UPI -01/15/03
-
Surgical instruments left in patients during surgery often
are attributed to negligence by surgeons, but a study released
Wednesday concludes the major causes are unplanned, emergency
operations and obese patients.
"The problem is presumed by courts and also by the public
to be due to people not taking the proper care but we found
that these cases seem to occur despite people following proper
procedures," Atul Gawande, lead author and a surgeon
at Brigham and Women's Hospital, told United Press International.
The study is the first to examine systematically the causes
of items being left in patients.
Most hospitals have policies in place that require two separate
nurses to count sponges and instruments twice before and twice
after operations to ensure no items are left in the patient.

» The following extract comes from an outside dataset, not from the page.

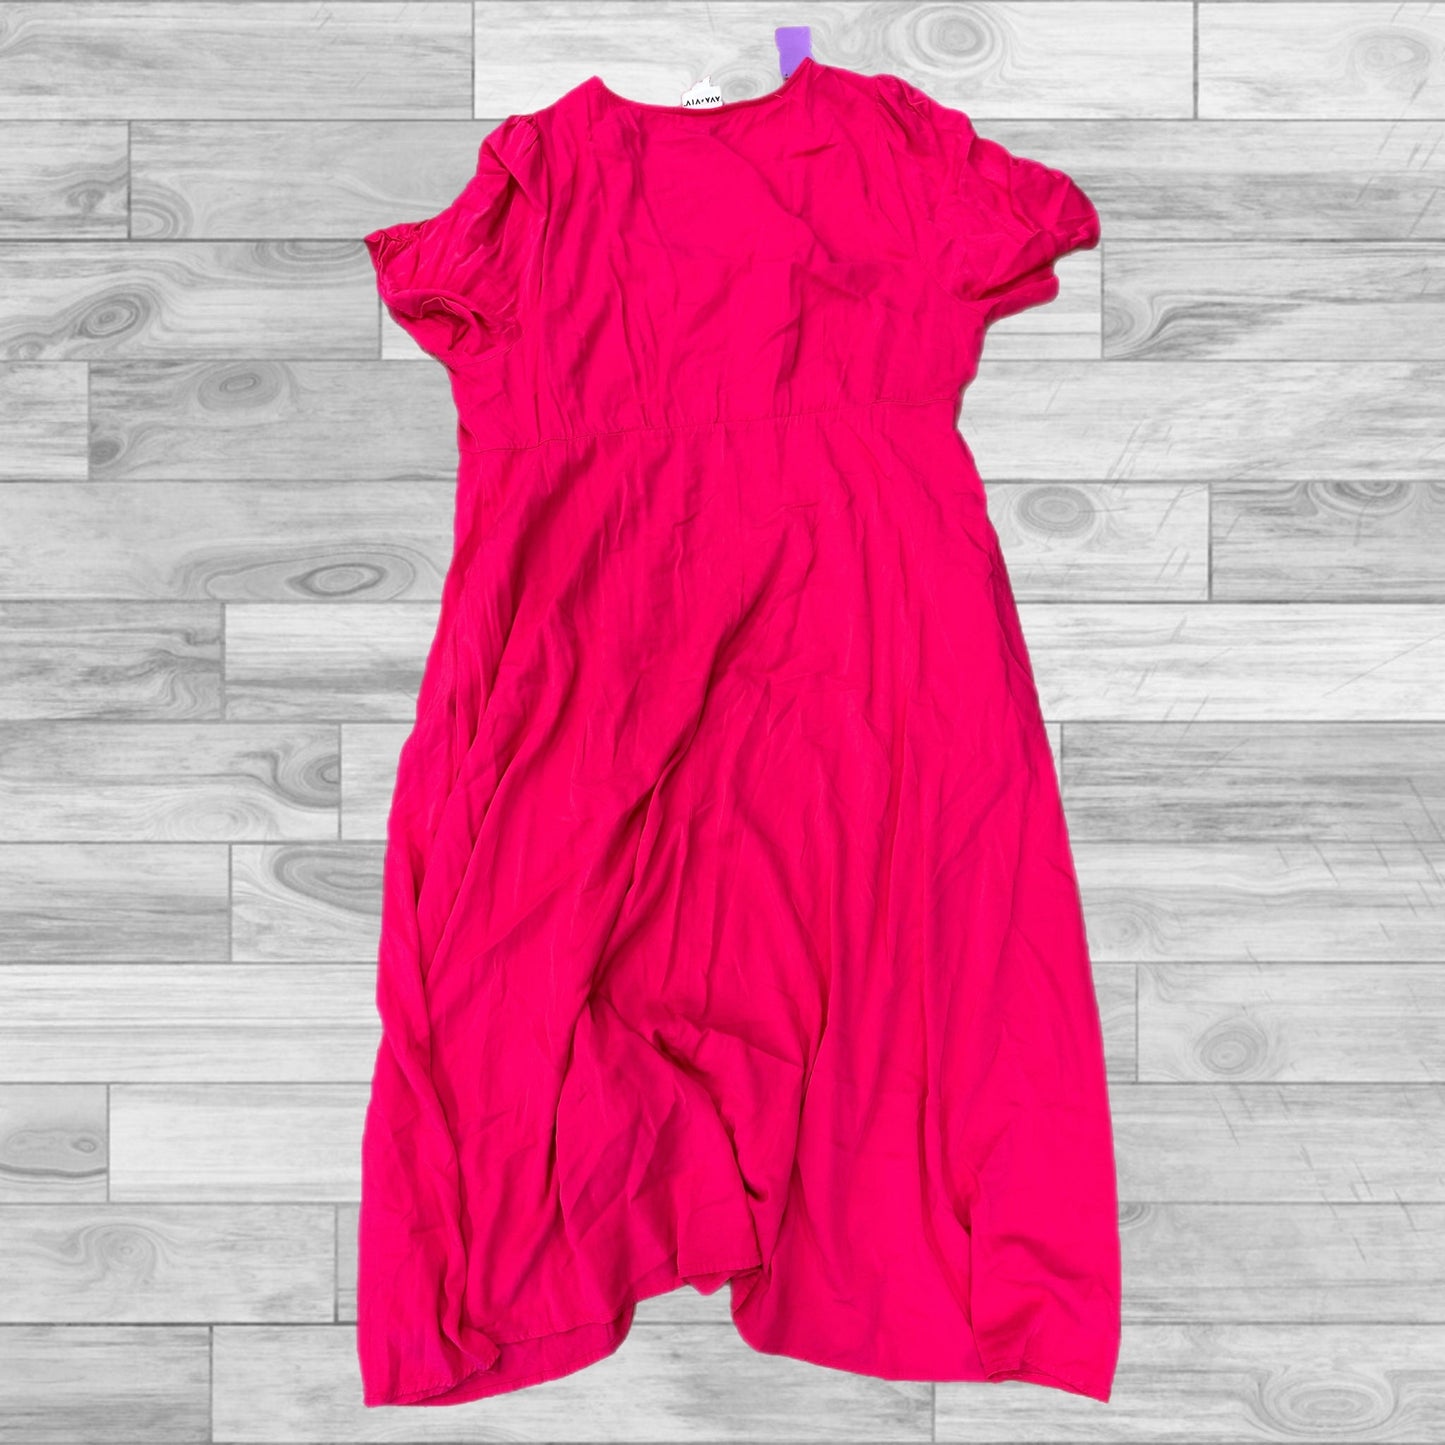 Pink Dress Casual Maxi Ava & Viv, Size 1x

Gawande's team reviewed 54 cases and found that "in the
vast majority of cases" the counting procedure had been
followed.
Instead, the study, which appears in the Jan. 16 issue of
The New England Journal of Medicine, found items are more
likely to be left in patients if there is an emergency operation,
sudden, unexpected changes in procedure or the person is obese.
The 54 cases occurred between 1985 and 2001 in hospitals in
Massachusetts.
However, Sidney Wolfe, director of the health research division
of the consumer group Public Citizen and a physician himself,
said Gawande's data does indeed suggest negligence. Counts
of sponges and instruments were less likely to be performed
on patients with an item left inside than patients who underwent
operations and did not have items left inside, Wolfe pointed
out.
Indeed, the study notes counting of instruments and sponges
were performed in only 67 percent of patients who had an item
left in them compared to 79 percent of patients in which no
item was left. "Not counting instruments is negligence,"
Wolfe said. "They don't focus on that but it's there."
Emergency situations probably increase the risk of leaving
an item in a patient because the priority is to treat the
patient and developments are happening rapidly so it is understandable
how an item might get overlooked, Gawande said, noting that
a typical operation may use more than 200 sponges and 200-300
instruments.
"Obese patients are more likely to have these rare events
presumably because in larger people there's more room to lose
things and it's more difficult to notice when things are left
in the patient," Gawande said.
The majority of the cases, nearly 70 percent, involved a
sponge cloth pads about the size of a table napkin being left
in the body. In four of the cases, two to four sponges were
left. Clamps were the next most common item, followed by other
miscellaneous instruments, Gawande said.
In some cases, the items were discovered the same day of
the surgery and in others they were not detected for more
than 6 years, he said. In more than half of the cases, the
items were left in the abdomen. Other bodily cavities in which
items were left included vagina, spinal canal, face, brain
and extremities.
These situations are of concern because they can lead to
serious complications such as damage to major organs and even
death in rare instances, Gawande said. In most cases, patients
require renewed surgery to remove the item and they tend to
have infection rates 40 percent higher than patients who underwent
surgeries without this complication.
"It's a very vivid problem but it's a rare problem,"
Gawande stressed. "We don't want to suggest there's an
epidemic of this." On average, it occurs about once in
every 9,000-19,000 surgeries and about once per year at each
large hospital, he said.
Methods to correct the problem could include "using
X-rays more liberally after surgery (to detect forgotten instruments)
before the patient leaves the room even if the count (of sponges
and instruments) is correct," Gawande said.
Newer technologies also could help. Book stores now place
devices in books that will trigger an alarm if the book is
not paid for and it might be possible to adapt similar technologies
to surgical equipment, Gawande said. A hand-held scanner could
be passed over the patient following an operation and an alarm
could beep if it detects an instrument or sponge.
"The public emphasis has been to punish people (for
negligence), but our findings don't support this," Gawande
said.
However, Wolfe suggested increasing punishment of doctors
might be part of the solution.
Enacting systems to reduce medical errors and increasing
disciplinary actions against doctors who commit malpractice
could help curtail this problem, he said. Wolfe also noted
most state medical boards fail to discipline doctors convicted
of malpractice adequately and little has been done to adopt
strategies to lower medical errors as suggested by a 1999
Institute of Medicine report, which found medical errors account
for as many as 98,000 deaths each year in the United States.